Она стояла спокойно, будто сама хотела, чтобы её схватили.
– Отведите меня к тархану, – сказала она.
Сюнны не очень-то разобрали торопливую речь молодого пленника. Она повторила просьбу. На этот раз её поняли и, посовещавшись, повели куда-то.
«Охотника» доставили в маленькую, занесённую снегом юрту. Прежде чем впустить, отобрали оружие, прощупали мешок за плечами и, не обнаружив ничего подозрительного, не тронули его. Двое сюннов остались у входа, а другие пошли куда-то.
В доме никого не было. В очаге поблёскивали красные, подёрнутые пеплом угли, пол был устлан шкурами. Сылукыз сняла шубу и подошла к очагу. Ей было хорошо. Появилось ощущение покоя. Казалось, она не у врагов, а в отчем тузбашском доме. Впрочем, нет, не совсем так. Просто она не испытывала к этим людям вражды. Это правда. Но боль по-прежнему не покидала её душу.

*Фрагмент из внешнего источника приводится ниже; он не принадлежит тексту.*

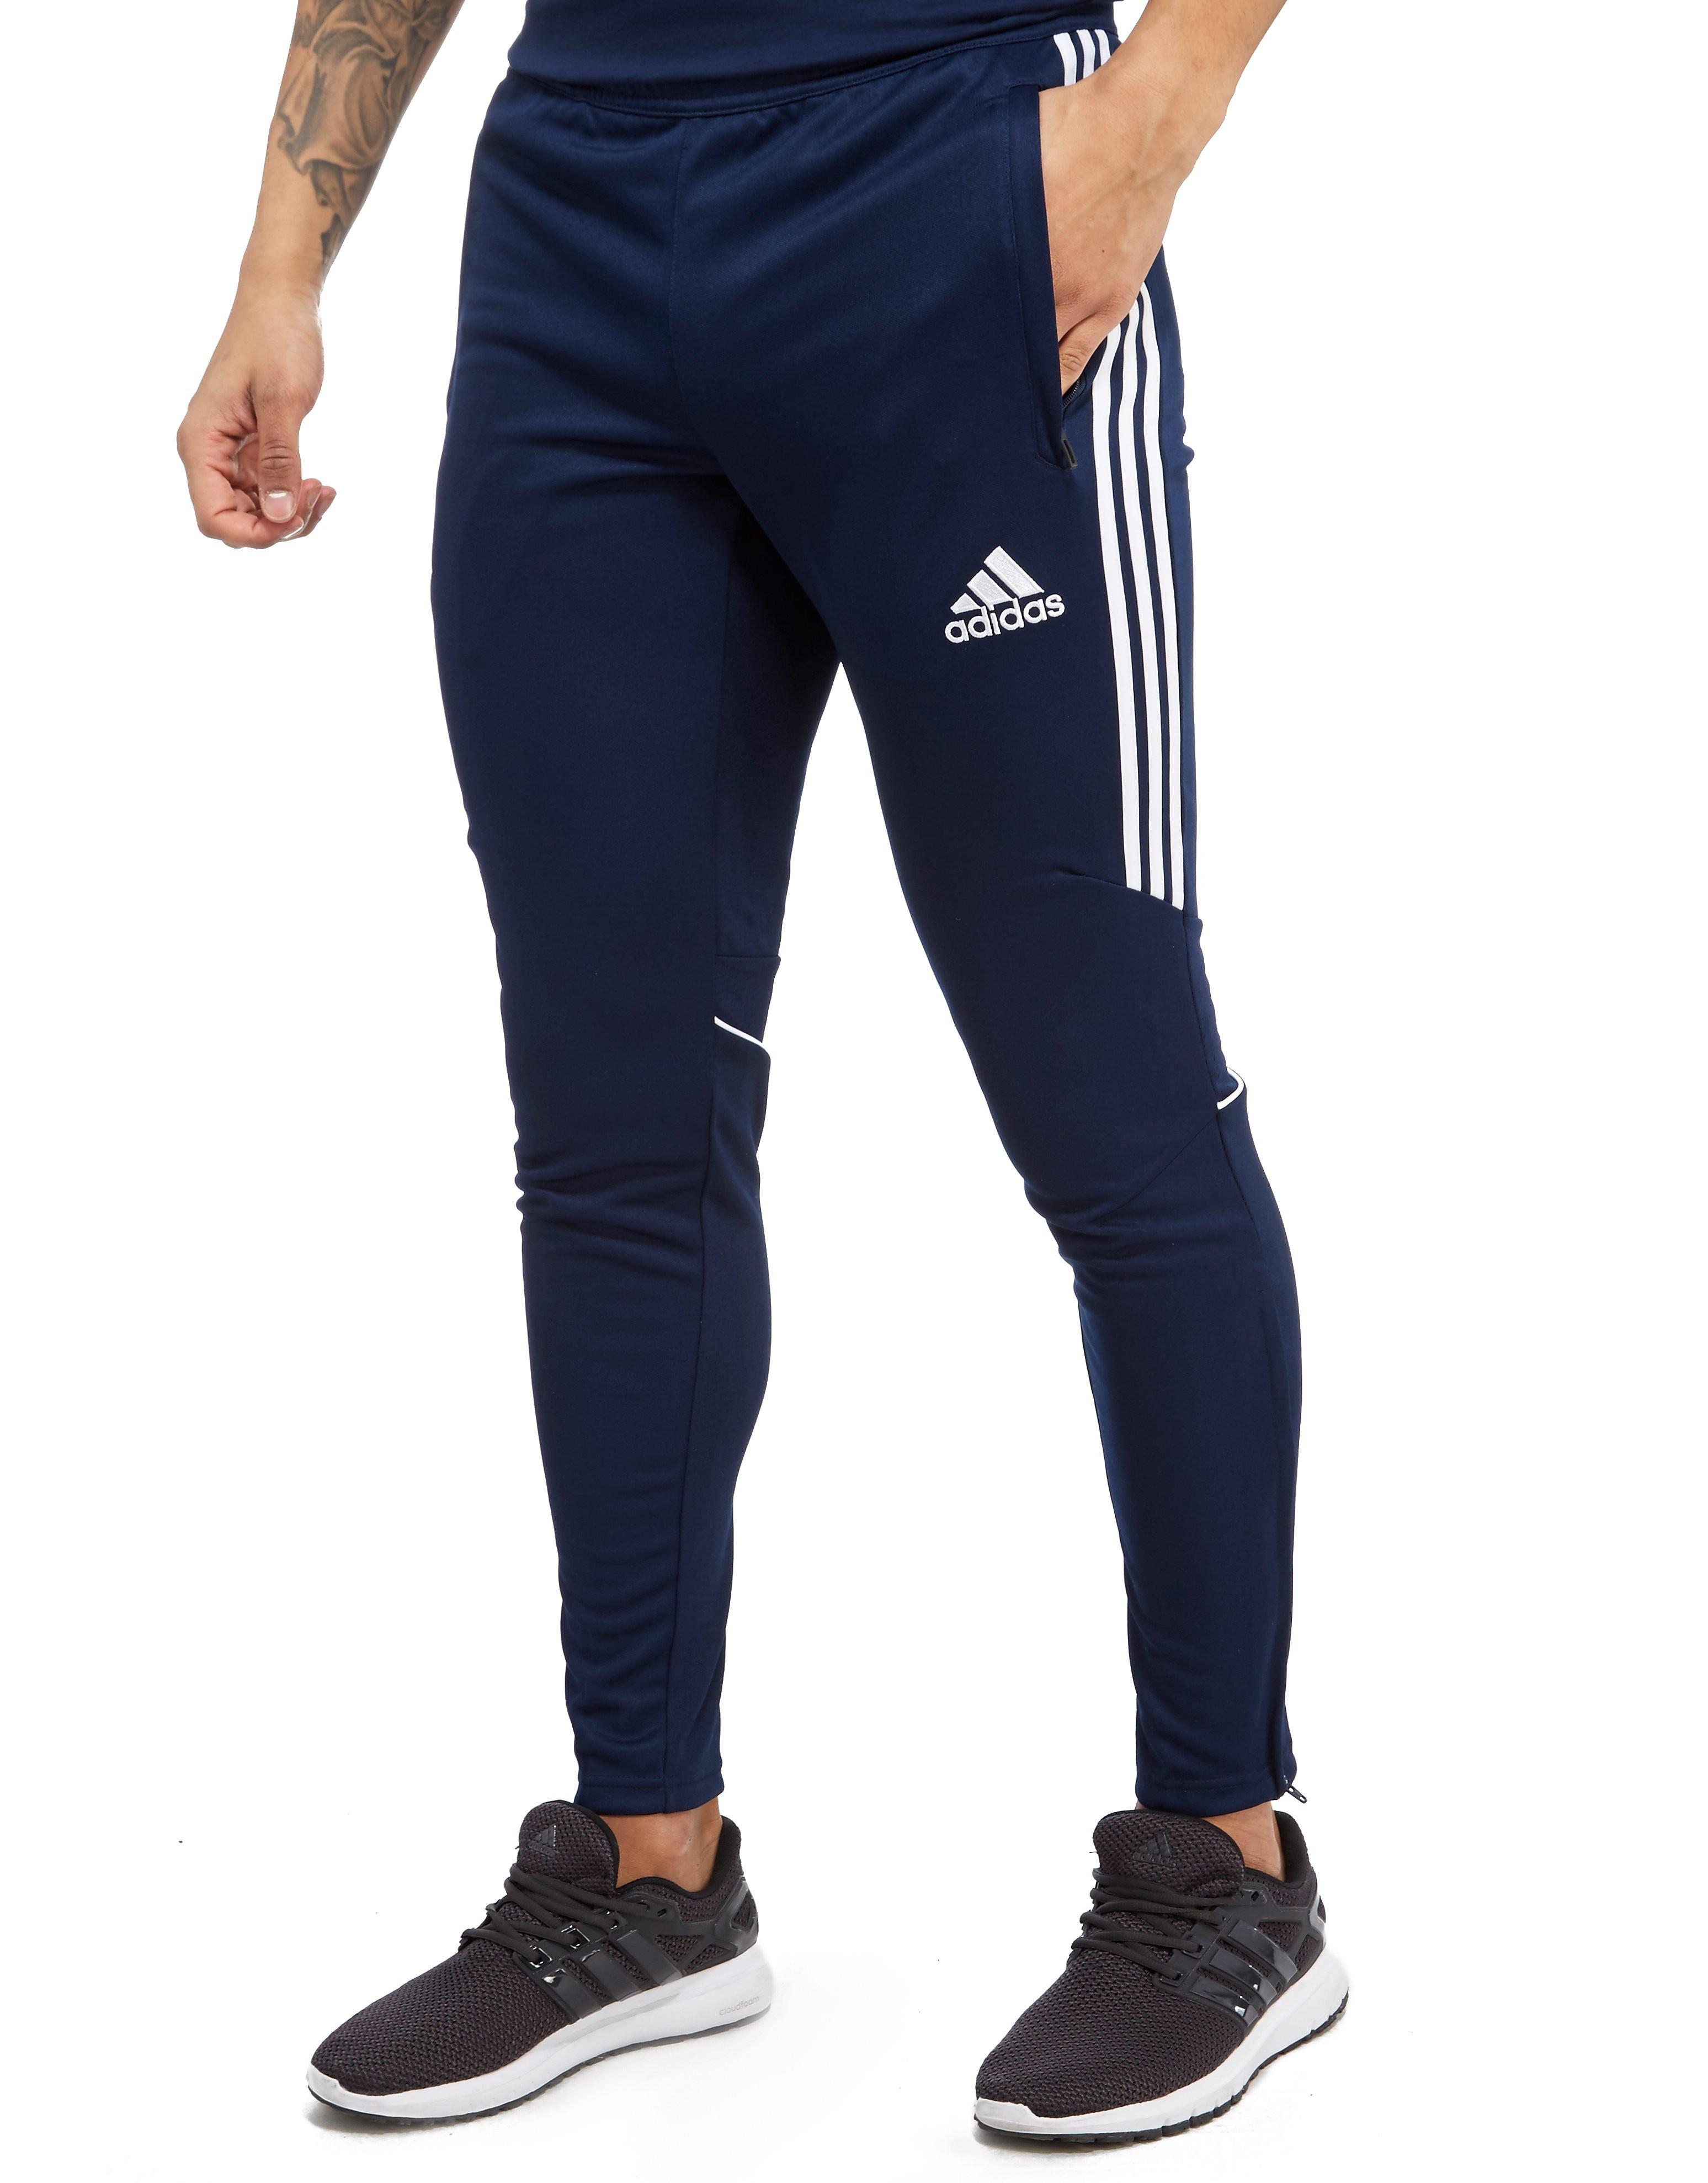 adidas Tango Pants
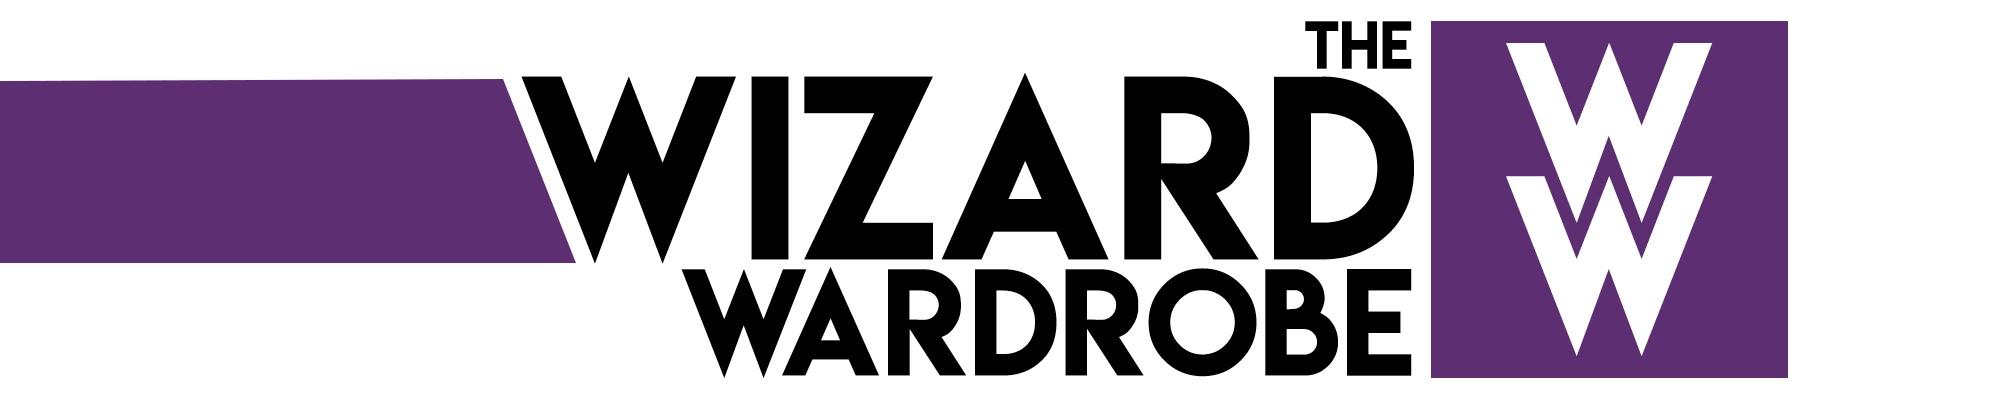 TheWizardWardrobe Cover

ХIVПохороны принесли Туман-тархану облегчение. Казалось, с плеч свалилась гора. Это вовсе не означало избавления от бед, но всё же на душе стало чуточку спокойнее. Итак, с мёртвыми всё улажено, теперь пора подумать о живых.
Погибших было много, гораздо больше тех, кто остался в живых. Несмотря на это, дела, касающиеся живых, были намного сложнее. В первую очередь предстояло решить, где и как проведут они зиму. Остаться с семью-восемью тысячами людей с лошадьми в этой тесной долине или вернуться в степь? Возвращаться в степь он пока не готов, оставаться здесь – тоже… До весны корма в Куксайской долине не хватит ни для людей, ни для лошадей.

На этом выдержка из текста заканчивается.